Treatment of Simple Elbow Dislocation Using an Immediate Motion Protocol
Treatment of Simple Elbow Dislocation Using an Immediate Motion Protocol
Abstract & Commentary
Synopsis: The treatment of elbow dislocations with a period of immobilization may be more harmful than helpful.
Source: Ross GR, et al. Treatment of simple elbow dislocation using an immediate motion protocol. Am J Sports Med 1999;27:308-311.
Treatment of elbow injuries in the adult remains a clinical challenge. In general, the typical treatment of joint injury has included some period of early protection by immobilization. However, many physicians and physical therapists have presented evidence that this period of immobilization may be more harmful than helpful. This may be particularly true for elbows, where immobilization may be especially detrimental.
The focus of this study was the issue of elbow immobilization. Twenty consecutive subjects suffering from simple elbow dislocation were treated "prospectively" since 1987 with a protocol that included immediate early motion. Elbow dislocations with concomitant fractures and/or those requiring surgery were excluded. Evidence for inclusion included prereduction radiographs on all but three subjects. Patients were seen daily in the athletic training room for the first two weeks. Daily pretreatment and post-treatment measurements of range of motion (including flexion and extension) and circumferential measures of arm and forearm were obtained by the same individual. No a priori evidence of this individual’s reliability was reported. The protocol included typical treatment modalities such as ice and electrical current along with range of motion and progressive strengthening exercises. In addition, each patient wore a compression wrap at times when he or she was not in treatment and was instructed to perform active, painfree range of motion and other functional activities "during short intermittent breaks, throughout the day." The subject pool description was 19 males and one female, with an age range of 19-24 years. All injuries occurred during athletic endeavors. Range of motion averaged -4° (extension) to 139° (flexion). All patients achieved "full or near full" (within 5°) range of motion. This "final" range of motion occurred, on average, 19 days after injury with a range of 3-60 days. It should also be noted that "normal" arm size was achieved at 6.5 days post-injury, indicating diminished effects of disuse atrophy.
Comment by Clayton F. Holmes, EdD, PT, ATC
Elbow injuries remain a challenge clinically. This study is further evidence that immobilization may do more harm than good. This is particularly enlightening because, while these elbow dislocations did not have concurrent fractures, they are usually clinically dramatic, with considerable swelling and ecchymosis. The clinical presentation may beg for immobilization but clearly, according to this study, that would not be prudent.
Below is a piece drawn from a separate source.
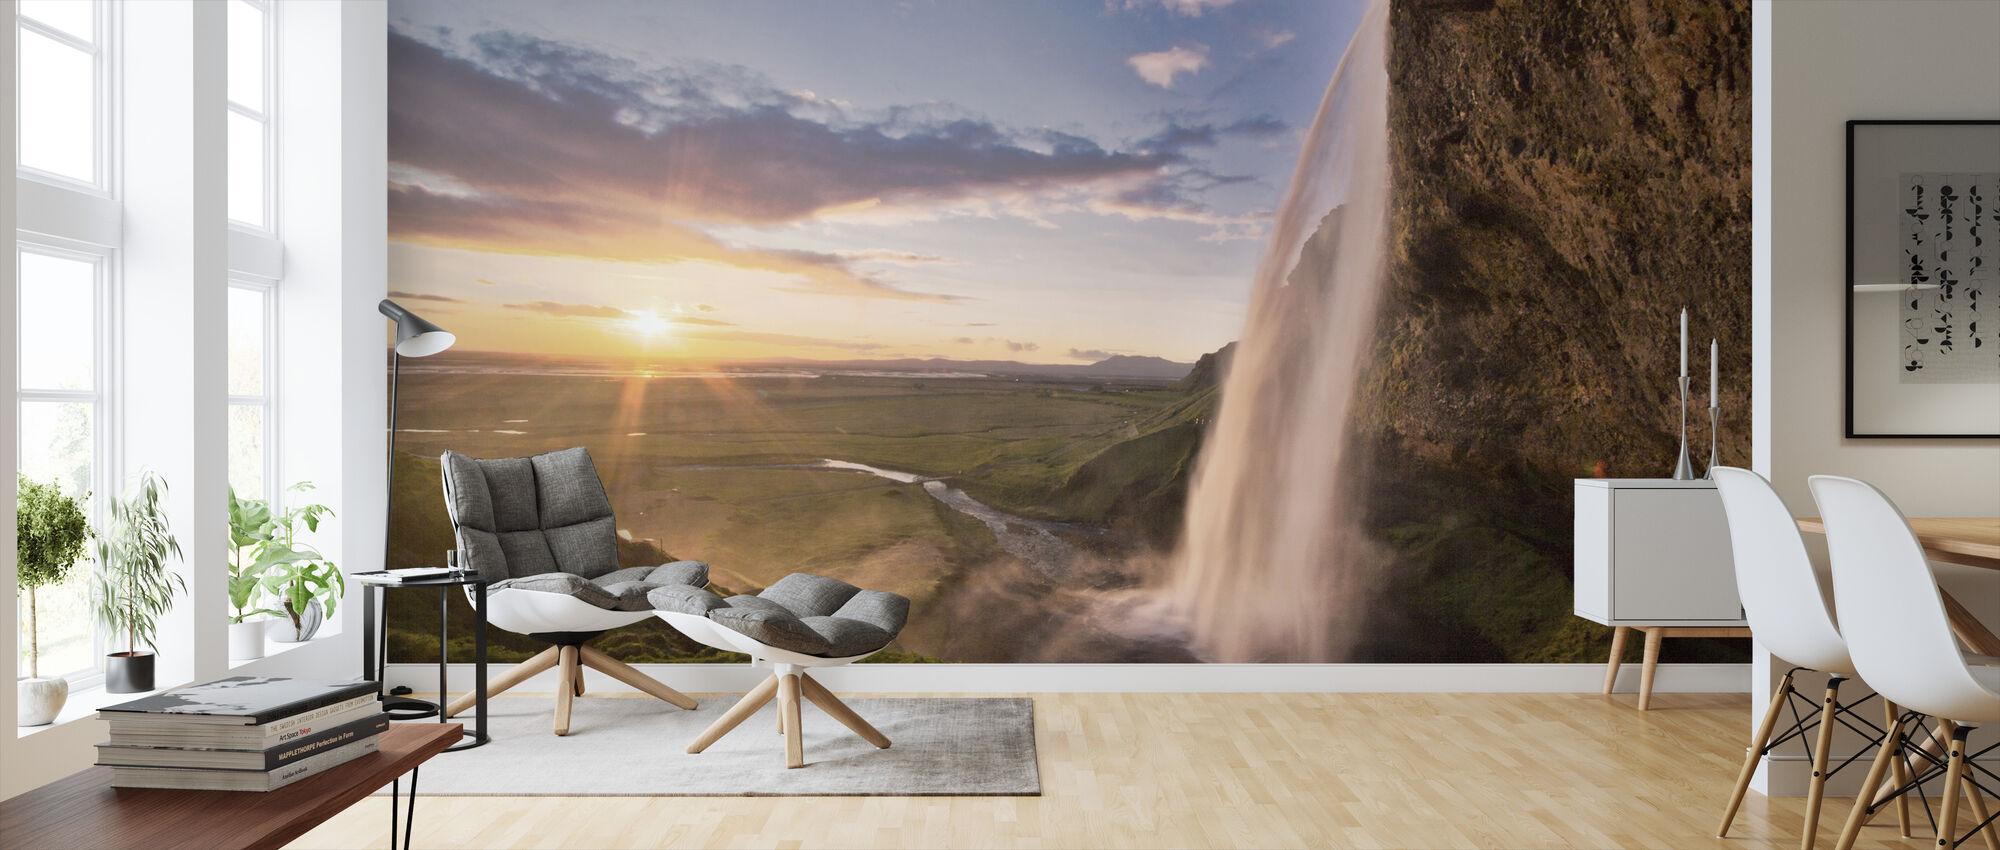 Seljalandsfoss Waterfall in Iceland - Wallpaper - Living Room

As Ross and colleagues themselves state, there are limitations to this study. For example, while the protocol was undertaken "prospectively," this is a somewhat inaccurate description. A study cannot have an experimental design unless it is prospective. However, the whole purpose of a prospective design is to randomize subjects into two groups, which was not done in this study. Ross et al state that this was not done due to the low number of simple elbow dislocations over time. Clearly, the number of such cases could not have been known prospectively. Second, while one individual took all clinical measures, there was no mention of establishing reliability of this individual a priori. Nevertheless, none of these limitations diminishes the message of limiting immobilization after these injuries. Ross et al do make one disclaimer: "The high success rate may be due in part to the excellent patient motivation and nearly unlimited resources for rehabilitation." The study was done in a relatively controlled environment at the U.S. Naval Academy, and Ross et al are concerned that it may not generalize well to a more traditional health care system. While this may in part be true, there is evidence that some patients do well with less supervision.1 In addition, it should be noted that the level of supervision could be performed by a physical therapist, today’s reimbursement systems not withstanding.
Reference
1. Schenck RC, et al. A prospective outcome study of rehabilitation programs and anterior cruciate ligament reconstruction. Arthroscopy 1997;13(3):285-290.